Dogs and All about Them eBook

This eBook from the Gutenberg Project consists of approximately 437 pages of information about Dogs and All about Them.

Dogs and All about Them eBook

This eBook from the Gutenberg Project consists of approximately 437 pages of information about Dogs and All about Them.

Give oatmeal, rather than flour or fine bread, as the staple of his diet, but a goodly allowance of meat is to be given as well, with cabbage or boiled liver, or even a portion of raw liver.  Fresh air and exercise in the fields.  You may give a bolus before dinner, such as the following:  Compound rhubarb pill, 1 to 5 grains; quinine, 1/8 to 2 grains; extract of taraxacum, 2 to 10 grains.  Mix.

FITS.

Whatever be the cause, they are very alarming.  In puppies they are called Convulsions, and resemble epileptic fits.  Keep the dog very quiet, but use little force, simply enough to keep him from hurting himself.  Keep out of the sun, or in a darkened room.  When he can swallow give from 2 to 20 grains (according to size) of bromide of potassium in a little camphor water thrice daily for a few days.  Only milk food.  Keep quiet.

SKIN DISEASES.

In the whole range of dog ailments included in the term canine pathology there are none more bothersome to treat successfully nor more difficult to diagnose than those of the skin.  There are none either that afford the quack or patent-nostrum monger a larger field for the practice of his fiendish gifts.  If I were to be asked the questions, “Why do dogs suffer so much from skin complaints?” and “Why does it appear to be so difficult to treat them?” I should answer the first thus:  Through the neglect of their owners, from want of cleanliness, from injudicious feeding, from bad kennelling, and from permitting their favourites such free intercourse with other members of the canine fraternity.  Overcrowding is another and distinct source of skin troubles.

My answer to the second question is that the layman too often treats the trouble in the skin as if it were the disease itself, whereas it is, generally, merely a symptom thereof.  Examples:  To plaster medicated oils or ointments all over the skin of a dog suffering from constitutional eczema is about as sensible as would be the painting white of the yellow skin in jaundice in order to cure the disordered liver.

But even those contagious diseases that are caused by skin germs or animalcules will not be wholly cured by any applications whatever.  Constitutional remedies should go hand in hand with these.  And, indeed, so great is the defensive power of strong, pure blood, rich in its white corpuscles or leucocytes, that I believe I could cure even the worst forms of mange by internal remedies, good food, and tonics, etc., without the aid of any dressing whatever except pure cold water.

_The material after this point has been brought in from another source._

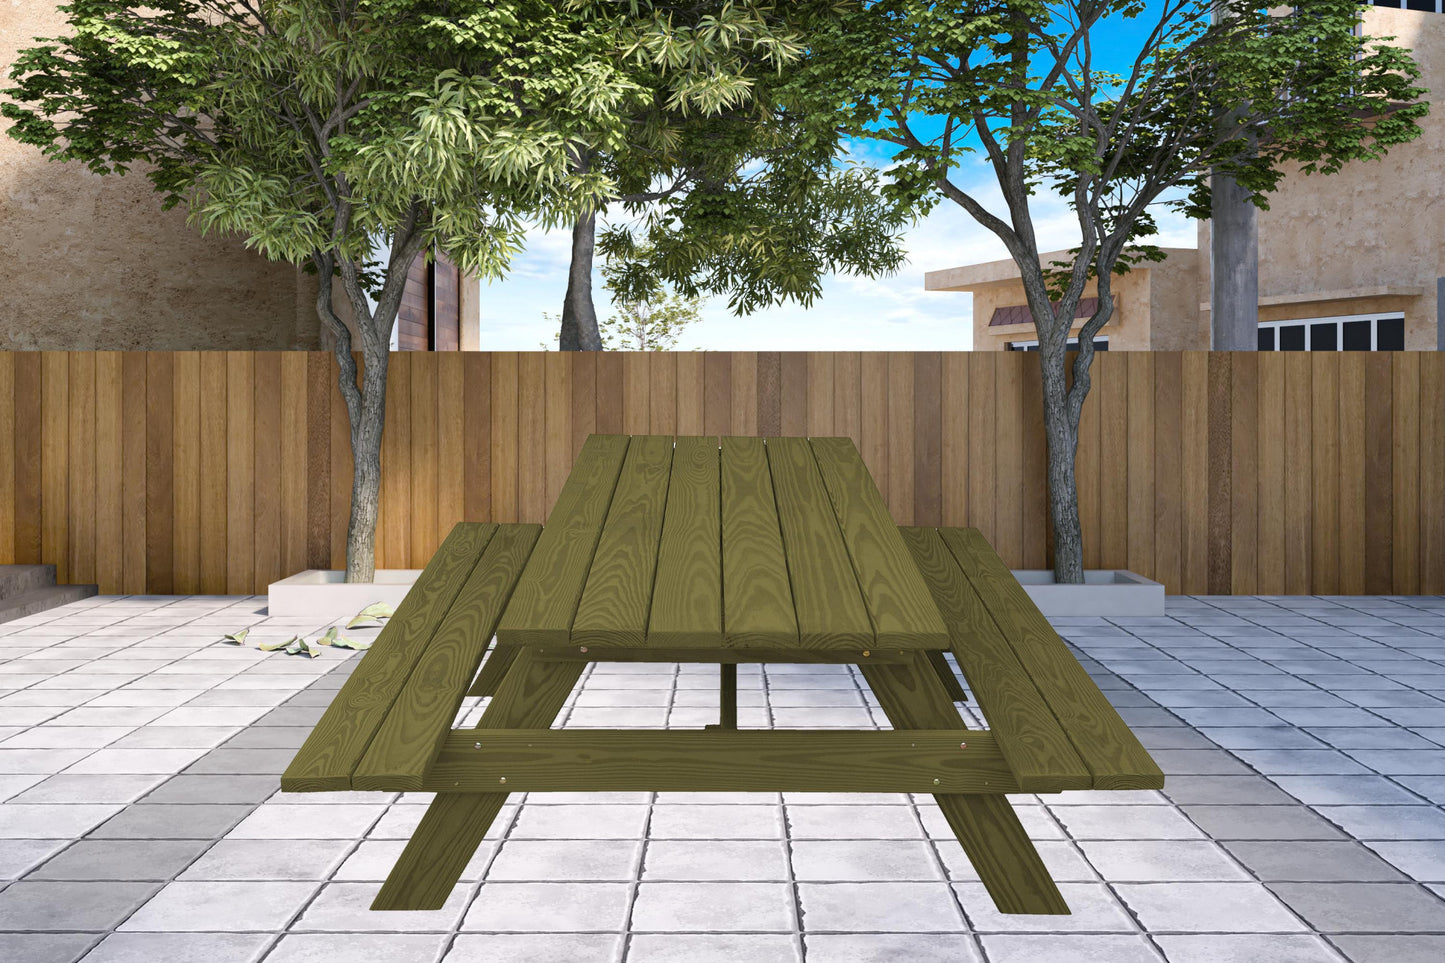 Green Solid Wood Outdoor Picnic Table
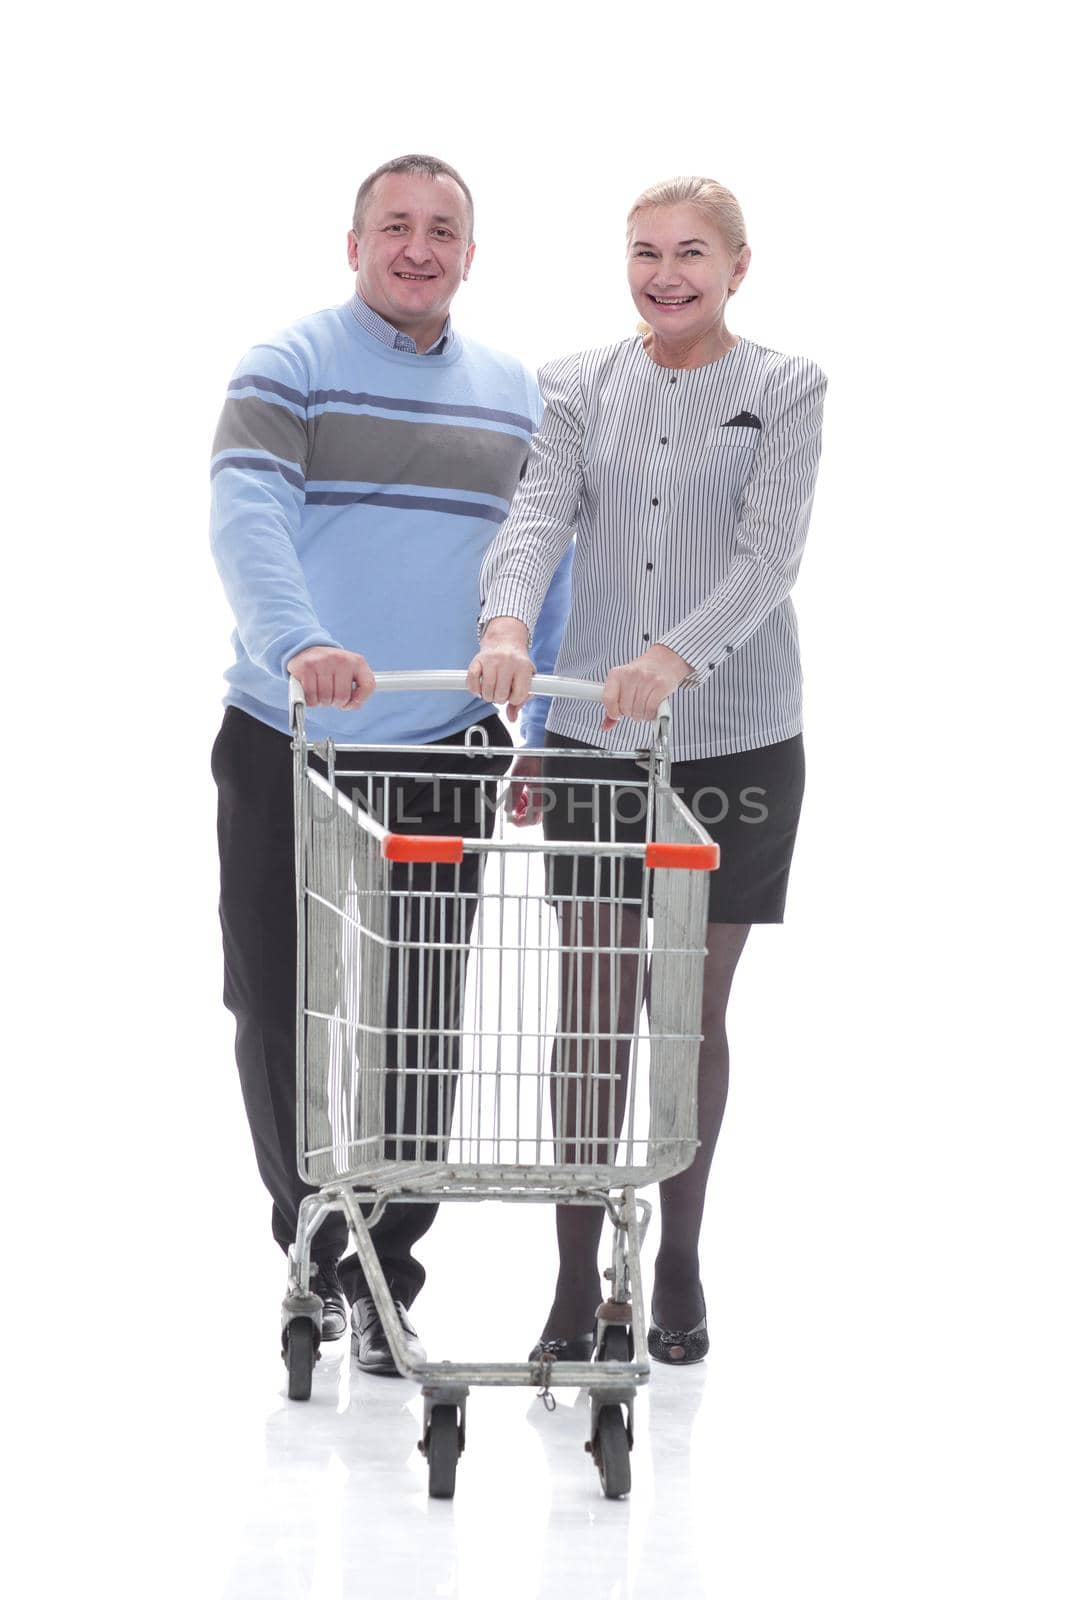 in full growth. casual couple with shopping cart . isolated on a white background

In treating of skin diseases it is usual to divide them into three sections:  (1) The non-contagious, (2) the contagious, and (3) ailments caused by external parasites.

(1) The Non-Contagious.—­(a) Erythema.—­This is a redness, with slight inflammation of the skin, the deeper tissues underneath not being involved. Examples—­That seen between the wrinkles of well-bred Pugs, Mastiffs, or Bulldogs, or inside the thighs of Greyhounds, etc.  If the skin breaks there may be discharges of pus, and if the case is not cured the skin may thicken and crack, and the dog make matters worse with his tongue.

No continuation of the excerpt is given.